■ **PROBLEM TO WORK ON**: Copy out word for word the line with "Amber Crystal Antique" and the lines that follow it in the listing below, up to the final one.

■ **MATERIAL PROVIDED**:
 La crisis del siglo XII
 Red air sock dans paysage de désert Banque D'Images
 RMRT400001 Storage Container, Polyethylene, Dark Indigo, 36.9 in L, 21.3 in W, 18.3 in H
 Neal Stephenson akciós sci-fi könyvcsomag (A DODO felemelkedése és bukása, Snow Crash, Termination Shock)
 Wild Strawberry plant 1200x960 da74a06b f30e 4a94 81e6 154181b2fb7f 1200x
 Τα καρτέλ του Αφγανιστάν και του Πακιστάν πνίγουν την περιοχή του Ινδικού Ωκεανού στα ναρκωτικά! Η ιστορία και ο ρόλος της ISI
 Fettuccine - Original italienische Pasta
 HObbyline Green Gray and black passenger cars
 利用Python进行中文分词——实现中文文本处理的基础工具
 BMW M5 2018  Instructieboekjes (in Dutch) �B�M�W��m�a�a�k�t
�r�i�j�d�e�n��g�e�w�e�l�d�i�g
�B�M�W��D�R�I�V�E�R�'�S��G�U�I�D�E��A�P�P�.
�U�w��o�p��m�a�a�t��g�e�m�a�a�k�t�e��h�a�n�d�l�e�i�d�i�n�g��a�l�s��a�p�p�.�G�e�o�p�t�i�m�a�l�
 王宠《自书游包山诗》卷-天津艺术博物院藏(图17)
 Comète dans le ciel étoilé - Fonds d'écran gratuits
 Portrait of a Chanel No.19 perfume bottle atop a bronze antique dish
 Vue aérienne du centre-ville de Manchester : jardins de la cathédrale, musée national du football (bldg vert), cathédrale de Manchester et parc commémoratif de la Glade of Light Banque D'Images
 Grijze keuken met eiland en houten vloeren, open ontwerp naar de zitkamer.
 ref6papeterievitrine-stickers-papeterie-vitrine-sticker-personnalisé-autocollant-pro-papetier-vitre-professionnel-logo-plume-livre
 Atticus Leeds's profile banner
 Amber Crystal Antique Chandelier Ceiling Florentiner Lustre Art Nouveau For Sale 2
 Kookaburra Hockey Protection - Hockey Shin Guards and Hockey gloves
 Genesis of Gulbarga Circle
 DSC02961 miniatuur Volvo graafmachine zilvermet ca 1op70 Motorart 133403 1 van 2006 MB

■ **RESULT OF THIS TASK**:
 Amber Crystal Antique Chandelier Ceiling Florentiner Lustre Art Nouveau For Sale 2
 Kookaburra Hockey Protection - Hockey Shin Guards and Hockey gloves
 Genesis of Gulbarga Circle
 DSC02961 miniatuur Volvo graafmachine zilvermet ca 1op70 Motorart 133403 1 van 2006 MB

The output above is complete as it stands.